I am training an NER model to detect birthdays. Given the text
Napoleon was born on August 15, 1769.
He became emperor on May 18, 1804.
He died on May 5, 1821.
It should mark only the span “August 15, 1769” as BIRTHDAY
.
I am generating a synthetic corpus, so I have many examples of text containing dates that both are and aren’t birthdays. I know the character spans of the dates for both the positive and negative examples. How should I train the model?
I’m not sure if I should use Prodigy or spaCy. (I don’t need to play with hyperparameters right away, so Prodigy is fine if that’s easier.) I figure I’ll use either the prodigy ner.batch-train
or spacy train
commands. I assume it would be good to incorporate both positive and negative examples. I also assume if I choose a format that requires that I put in a confidence score, I should say 1.0
because I’m entirely confident of my gold examples.

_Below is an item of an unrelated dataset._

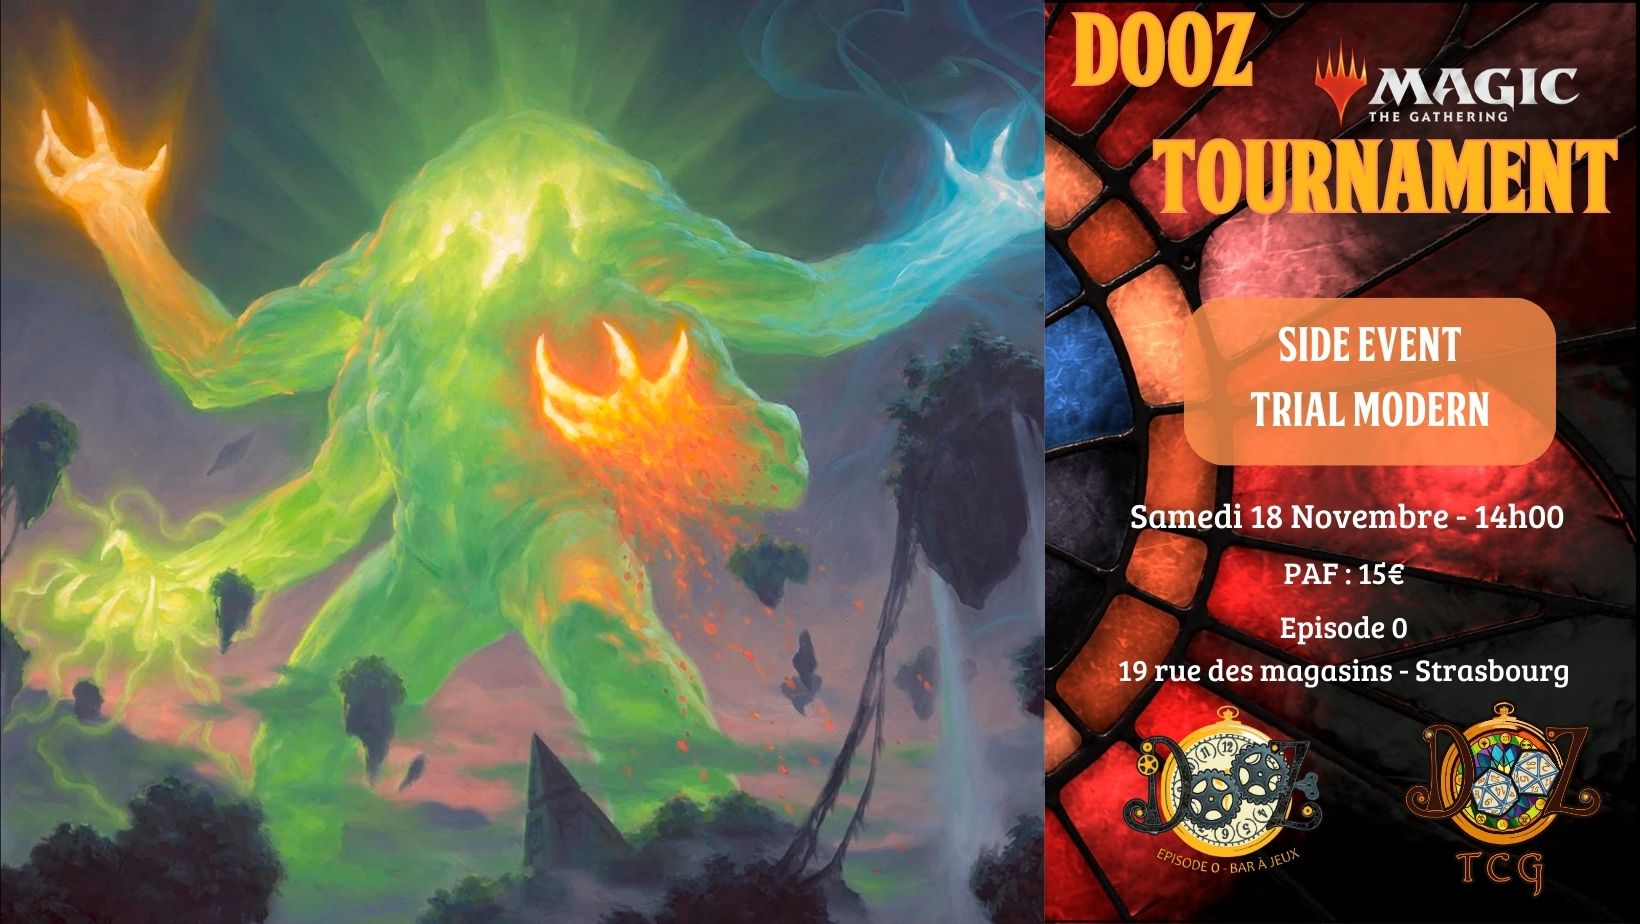 Dooz Magic Tournament #3 - Side Event Trial Modern

Can you give an example of what the JSON format for these three examples would be, and which tool I should use to train it?
Additional question: in order to avoid the catastrophic forgetting problem I plan on running my generated text through the standard spaCy English model and adding the named entity spans that it finds. It will label my birthday spans as DATE
entities. Can I leave the DATE
span annotations in for mentions that I also want to label BIRTHDAY
or do I have to remove them? I don’t know what your span collision logic is.